You're not gonna nail it - it's a waste of time. Clean that pot with deoxit. It doesn't look like a pot that needs replacing. The variable resistors, however, those semi-open trimmers and old caps, do!
 
Yeah? Well it's probably a loose translation from Japanese offered in the link, but at least it's a description and it aimed to help by addressing a query. Feel free to enlighten us all, provide the correct description and link to a datasheet if you can. This way, your response would stay productive and educational.

Pardon. I'm not one to use a sentence when a word will do. A pulse transformer is a common component: https://www.digikey.com/products/en/transformers/pulse-transformers/166

I did not clean VR1 or VR2.
Would that be with deoxit ?

Yes, though there's an argument to just replace them as tnsilver mentioned. One or the other is in series with the pot as selected by the speed switch - the service manual explains how to adjust them.

Power supply voltages and ripple is the first thing to check, followed by the presence of the FG signal as mentioned by illini. I'm not a fan of shotgun parts replacement as a troubleshooting step, but if you don't have test gear you may not have a choice.
 
You're not going to find a data sheet; beside it being old, it was made for Pioneer (I believe it was proprietary), but I'm sure you knew that tnsilver. It's the speed controller and you can call the IC a clock or a pulse transformer w/no problems IMO. The caps help control the output speed and that will need to be addressed. I'd imagine the cost of the caps wouldn't be too expensive...less than $10 easily. None are of high value and there are not that many (board PWM-060). It's up to you if the cost & labor is too great to keep your TT alive.

Yes JP, checking output/input voltage will help and is a good t-shooting technique one should start with.
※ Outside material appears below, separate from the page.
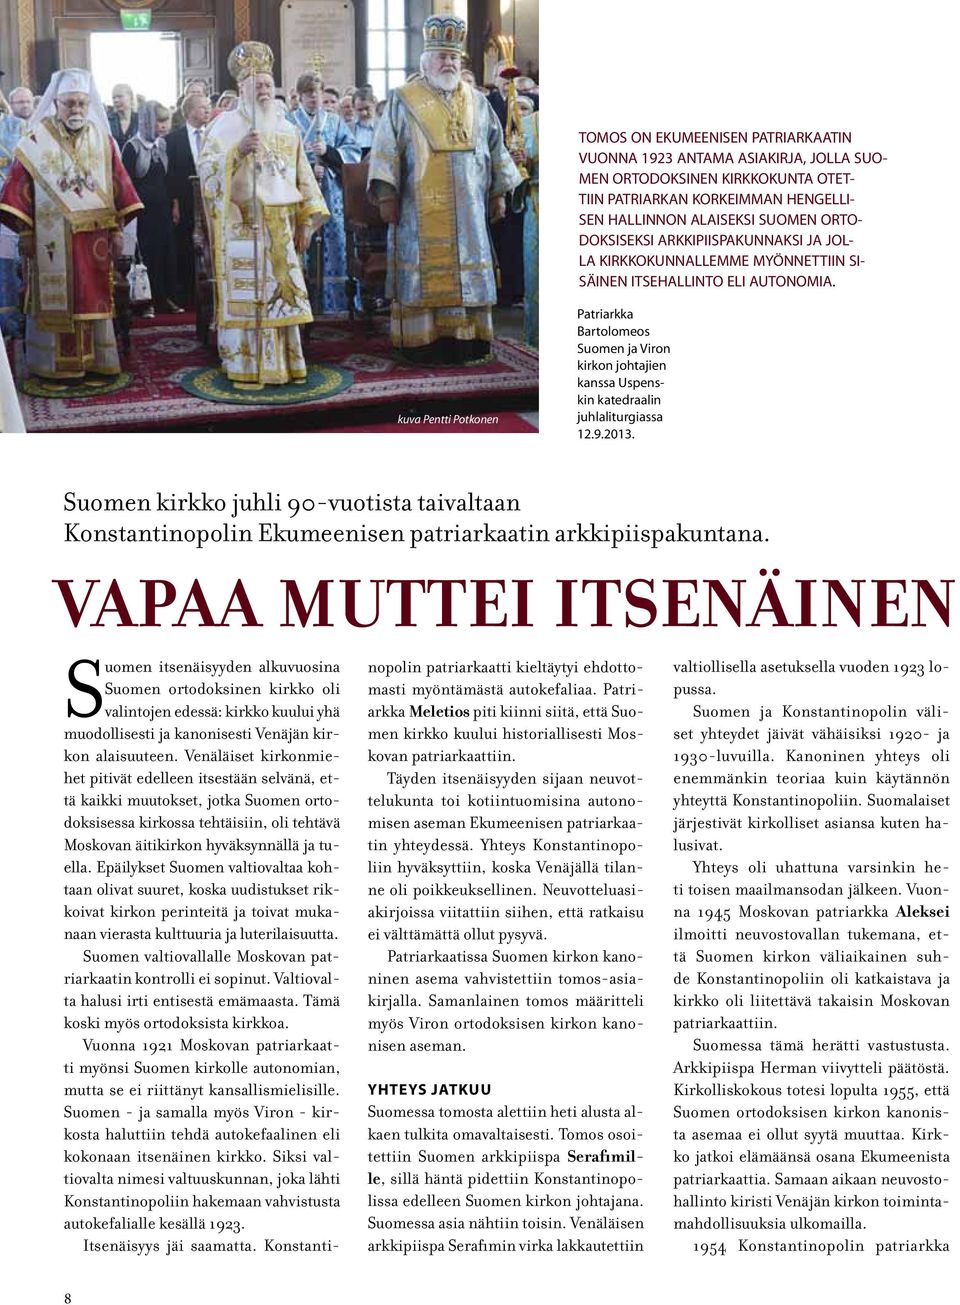 kuva Pentti Potkonen Patriarkka Bartolomeos Suomen ja Viron kirkon johtajien kanssa Uspenskin katedraalin juhlaliturgiassa 12.9.2013.

I'm still saying, w/out t-shooting, the problem are the caps. It has output as described by his initial description. The reason for the slow speed are the caps. At least IMO.
 
It's unlikely the IC is bad. They're generally pretty tough. Much more likely is a bad cap/resistor/solder joint in some critical spot.

Where are you located? Someone may be local to you and willing to help troubleshoot. :)
 
The reason for the slow speed are the caps. At least IMO.
The OP's complaint was rogue speed (100 rpm?). :dunno:
That happened to me once with one of the cheapo Pio's (PL-300) someone left for me to "see what I can do" and never bothered to phone about it since. The feather weight platter was going so fast I was worried it'll go air borne and chop my neck. It only had 9 lytics on it, all cheap Nippon Chemi's and Rubycons from the 70's. I tested only the PS cap for ESR and it was way off any of my older charts. I didn't bother with testing the rest, most were low voltage low capacitance EC's so it was a five bucks worth of a complete recap. But that wasn't the end of it. I gave that abandoned TT to a forum member who was sold on the quartz lock drive and expressed interest in fixing it, as it was. He just replaced the two trimmers that probably developed dead spots, and that, plus the earlier recap, did the trick.